How does artificial intelligence get its voice? The development of AI voices encompasses a number of cutting-edge areas, but the most commonly used methods include
- machine learning algorithms that allow systems to learn from data and improve their performance over time. Supervised learning is often employed to train AI voice models using large data sets related to human speech. With supervised learning, an AI model learns to recognise patterns and correlations between text input and corresponding voice messages. The AI learns from multiple examples of human speech and adjusts its settings so that the output it generates is as close as possible to real human speech. As the model processes more data, it refines its understanding of phonetics, intonation, and other speech characteristics, which results in increasingly natural and expressive voices;
- natural language processing (NLP) enables machines to understand and interpret human language. Applying NLP techniques allows artificial intelligence to break down written words and sentences to find important details such as grammar, meaning, and emotions. NLP allows AI voices to interpret and speak complex sentences, even if the words have multiple meanings or sound the same. Thanks to this, the AI voice sounds natural and makes sense, regardless of the type of language used. NLP is the magic that bridges the gap between written words and speech, making AI voices sound like real people, even when complex language patterns are involved.

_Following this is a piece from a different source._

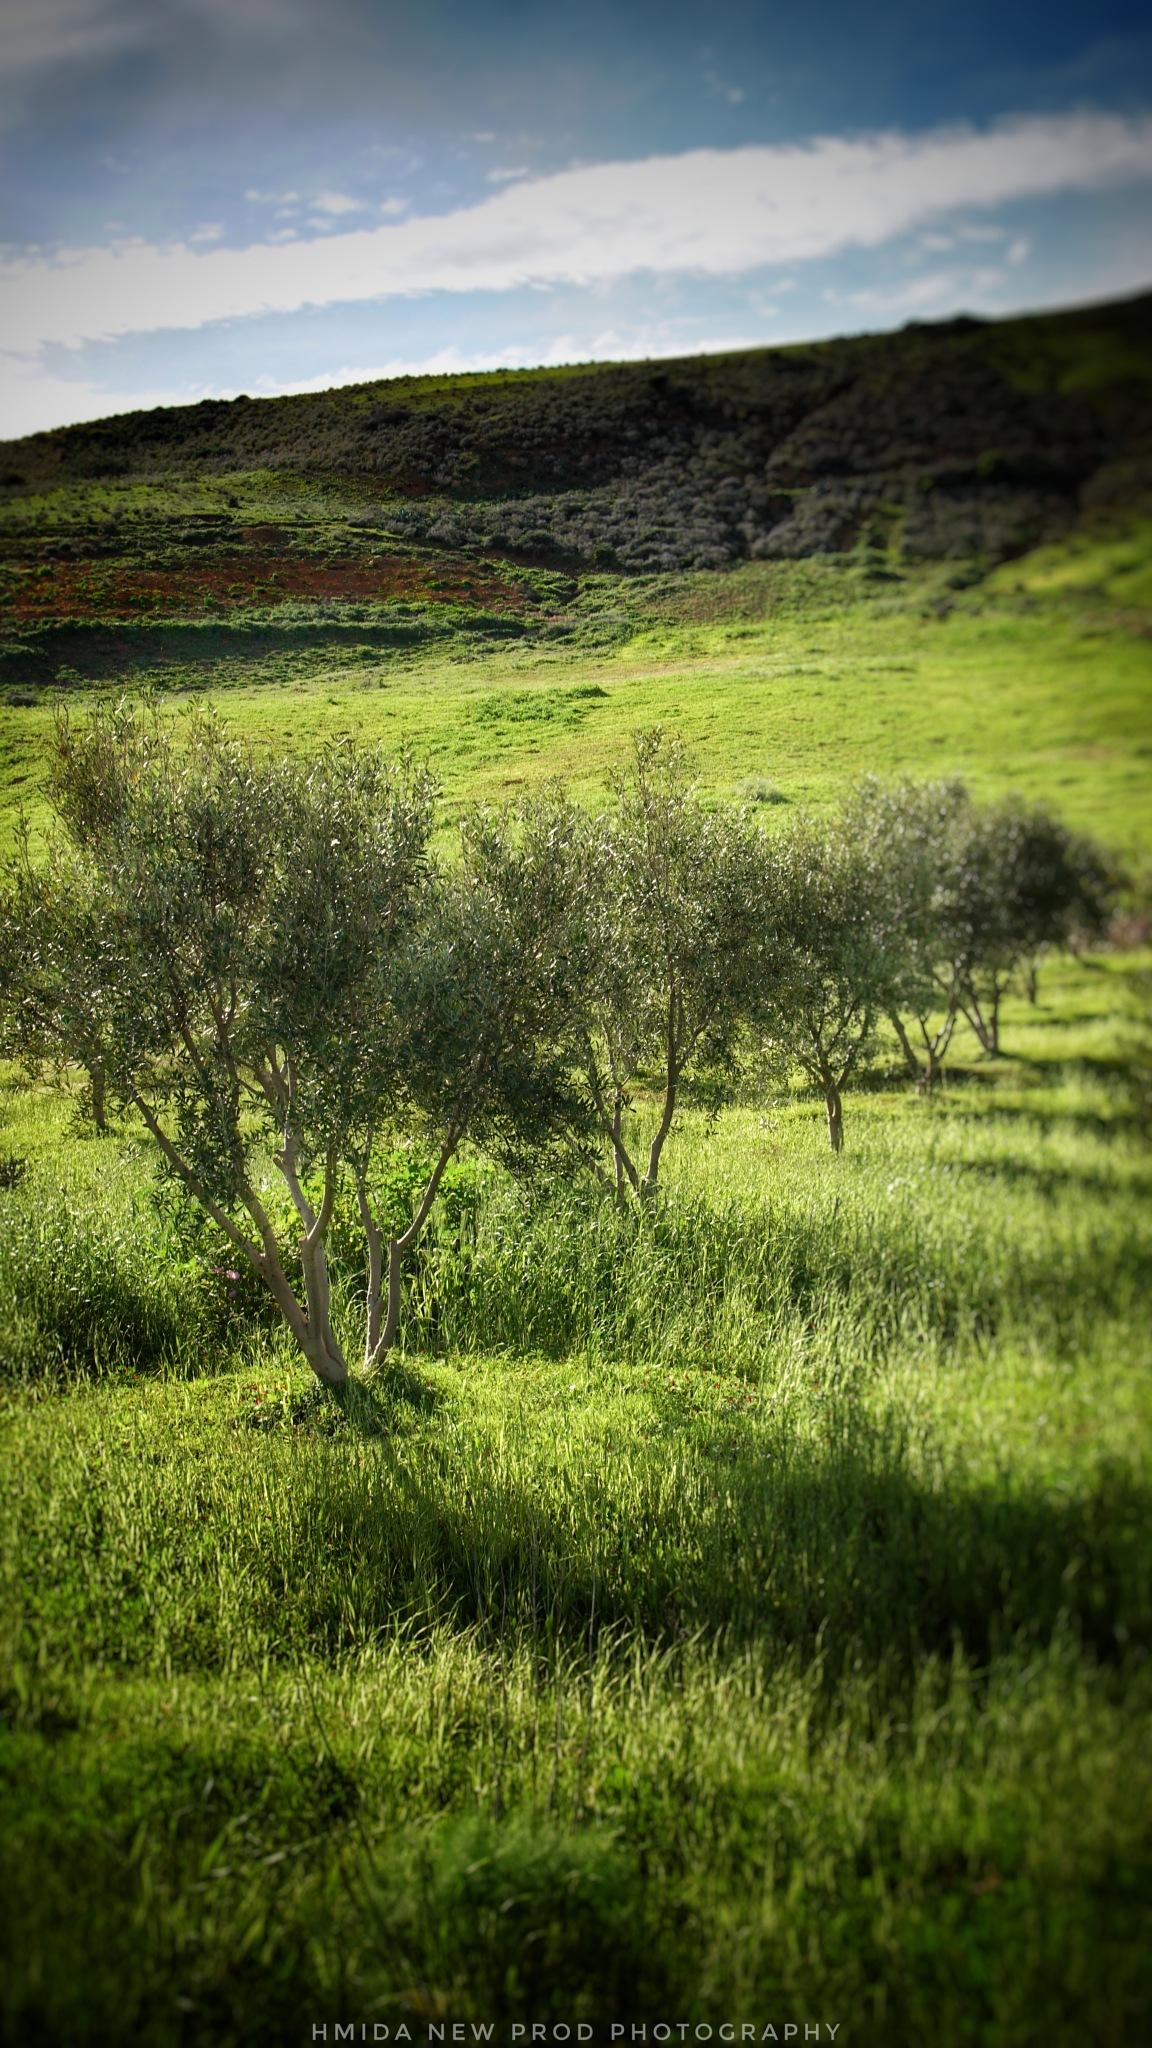 Olive trees by Hmida31

- Speech synthesis techniques allow machines to transform processed text into intelligible and expressive speech. This can be done in a variety of ways, for example, by assembling recorded speech to form sentences (concatenative synthesis) or using mathematical models to create speech (parametric synthesis), which allows for greater customisation. Recently, a breakthrough method called neural TTS (Text-to-Speech) has emerged. It uses deep learning models, such as neural networks, to generate speech from text. This technique makes AI voices sound even more natural and expressive, capturing the finer details, such as rhythm and tone, that make human speech unique.
In practice, the available tools can be divided into two main categories: Text-to-Speech and Voice-to-Voice. Each allows you to clone a person’s voice, but TTS is much more limited when it comes to reproducing unusual words, noises, reactions, and expressing emotions. Voice-to-Voice, put simply, “replaces” the sound of one voice with another, making it possible, for example, to create an artificial performance of one singer’s song by a completely different singer, while Text-to-Speech uses the created voice model to read the input text (creating a spectrogram from the text and then passing it to a vocoder, which generates an audio file) [1]. As with any machine learning issue, the quality of the generated speech depends to a large extent on the model and the data on which the model was trained.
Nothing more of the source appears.